И он добавил с гордостью:
— Мир меня уважает…
Кочановские мужики подсылали к Прокопу уговорщиков сманивать его назад, в Кочаны. Новый пастух попался неудачливый, скот приходил домой впроголодь, нередко доводилось деревне искать по лесу отбившихся от стада коров. Прокоп знал это, держался в Круче твердо, уговорщиков срамил. Кручинцы, боясь потерять хорошего пастуха, кормили Прокопа на убой, в праздники подносили хмельного, к зиме обещали срубить новую избу.
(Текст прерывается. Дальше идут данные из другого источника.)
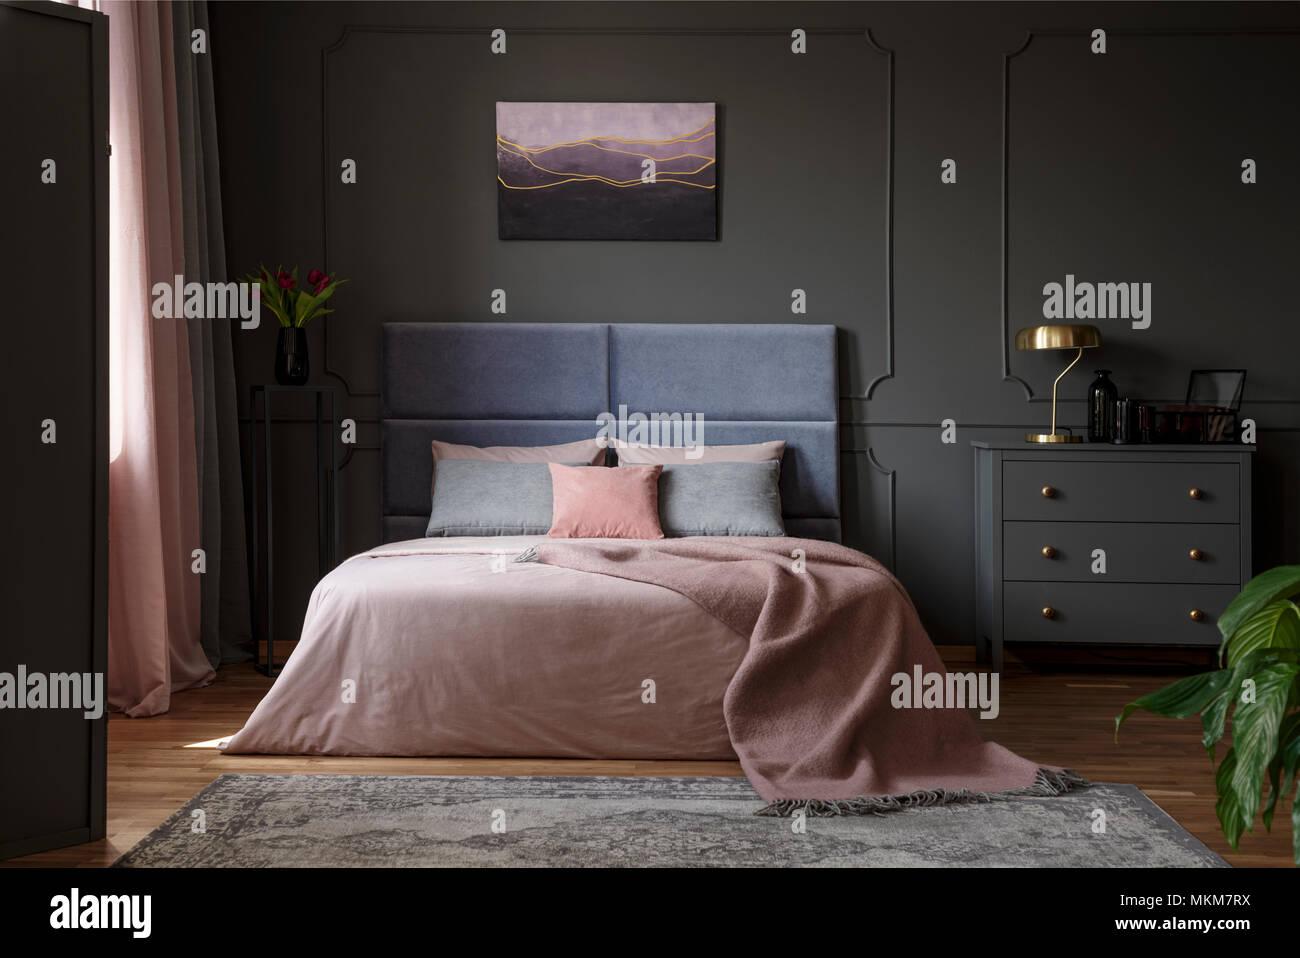 Fesselnd Pastellfarben Decke Auf Dem Bett In Rosa Und Blau Schlafzimmer Innenraum  Mit Gold Lampe Auf Grau Schaltschrank
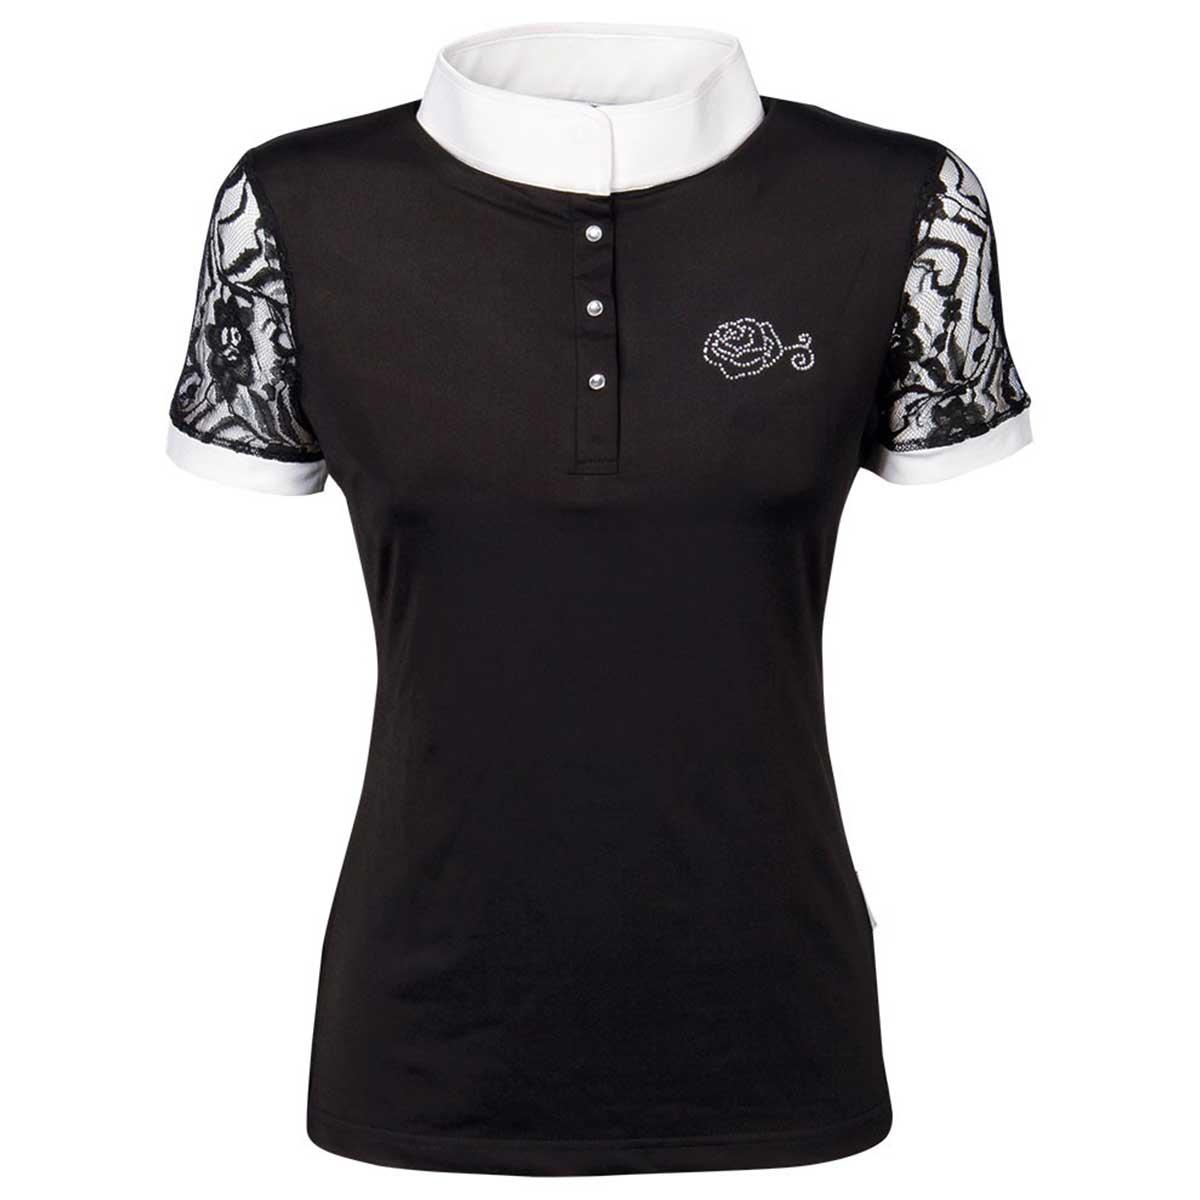 Harrys Horse Lace wedstrijdshirt zwart maat:m

В мае пришла из города Проска. Круча приняла её хорошо, бабы дали тряпья на ребенка, Проска скоро и легко, как кошка, обжилась на новоселье…
В разгар уборки озимых от кочановского стада отстала одна корова, забрела в болото, увязла и ночью ее зарезали волки. Узнали об этом спустя неделю — собака набежала на волчий след, привела на болото.
Скоро из Кочанов пришел к Прокопу ходоком Хотей-Жук. Разговор велся долгий. Прокопу торопиться было некуда, он изредка покрикивал на скот да понемножку напоминал Хотею, как Кочаны терпели разбойника Лариона и как выживали из деревни Проску.
Хотей терпеливо слушал пастуха, потом говорил, что деревня простит Прокопу все долги, что сам он — Хотей-Жук — не возьмет с него долга и что Кочаны срубят Прокопу избу — не чета кручинской, да и лес- то кручинцам еще воровать надо, а в Кочанах — вон его нарезано сколько хочешь!